RECORDED INFORMATION START
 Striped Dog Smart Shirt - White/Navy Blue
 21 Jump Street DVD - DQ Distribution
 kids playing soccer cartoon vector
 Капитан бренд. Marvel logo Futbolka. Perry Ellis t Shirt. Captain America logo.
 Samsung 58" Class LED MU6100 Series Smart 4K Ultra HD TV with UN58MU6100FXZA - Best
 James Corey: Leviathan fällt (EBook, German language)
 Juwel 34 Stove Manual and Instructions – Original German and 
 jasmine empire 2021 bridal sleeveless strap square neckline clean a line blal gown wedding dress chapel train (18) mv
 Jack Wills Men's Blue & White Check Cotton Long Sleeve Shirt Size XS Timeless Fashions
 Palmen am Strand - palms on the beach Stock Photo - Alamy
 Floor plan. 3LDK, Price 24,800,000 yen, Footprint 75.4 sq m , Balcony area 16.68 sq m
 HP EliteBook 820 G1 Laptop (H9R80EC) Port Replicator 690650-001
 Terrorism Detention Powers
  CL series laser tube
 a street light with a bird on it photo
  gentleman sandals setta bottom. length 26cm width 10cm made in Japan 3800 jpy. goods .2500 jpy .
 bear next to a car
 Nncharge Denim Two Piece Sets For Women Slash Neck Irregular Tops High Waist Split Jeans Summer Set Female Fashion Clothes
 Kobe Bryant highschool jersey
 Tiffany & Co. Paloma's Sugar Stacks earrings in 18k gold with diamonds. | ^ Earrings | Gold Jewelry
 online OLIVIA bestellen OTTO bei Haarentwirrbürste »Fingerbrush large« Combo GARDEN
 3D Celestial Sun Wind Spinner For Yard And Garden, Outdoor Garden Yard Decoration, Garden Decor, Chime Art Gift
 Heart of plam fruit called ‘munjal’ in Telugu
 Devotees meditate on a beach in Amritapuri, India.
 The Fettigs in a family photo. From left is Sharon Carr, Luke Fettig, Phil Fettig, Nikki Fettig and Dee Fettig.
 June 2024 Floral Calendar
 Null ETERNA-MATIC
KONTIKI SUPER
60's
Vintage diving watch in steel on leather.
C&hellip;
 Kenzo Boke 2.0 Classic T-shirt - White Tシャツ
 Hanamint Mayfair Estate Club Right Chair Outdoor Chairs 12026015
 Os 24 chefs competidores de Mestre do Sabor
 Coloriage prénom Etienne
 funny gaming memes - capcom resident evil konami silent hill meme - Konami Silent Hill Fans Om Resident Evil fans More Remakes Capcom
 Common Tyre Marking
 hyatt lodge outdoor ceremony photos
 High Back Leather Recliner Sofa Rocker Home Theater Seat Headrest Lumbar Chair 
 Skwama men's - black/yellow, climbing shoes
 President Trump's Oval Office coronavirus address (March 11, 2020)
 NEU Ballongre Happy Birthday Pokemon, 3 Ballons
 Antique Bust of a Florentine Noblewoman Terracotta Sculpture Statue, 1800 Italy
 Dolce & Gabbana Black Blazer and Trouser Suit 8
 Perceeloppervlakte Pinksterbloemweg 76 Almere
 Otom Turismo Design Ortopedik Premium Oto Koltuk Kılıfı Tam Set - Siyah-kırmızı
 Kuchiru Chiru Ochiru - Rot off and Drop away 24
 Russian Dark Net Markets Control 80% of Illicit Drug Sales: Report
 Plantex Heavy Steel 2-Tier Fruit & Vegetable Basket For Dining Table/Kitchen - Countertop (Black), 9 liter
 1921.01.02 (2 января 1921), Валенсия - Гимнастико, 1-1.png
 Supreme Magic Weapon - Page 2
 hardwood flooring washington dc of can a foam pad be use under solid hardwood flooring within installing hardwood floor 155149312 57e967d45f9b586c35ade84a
RECORDED INFORMATION END
TASK OBJECTIVE:
Respond with the number of lines in the entries that include the string "German", and nothing besides.

EXERCISE RESPONSE:
2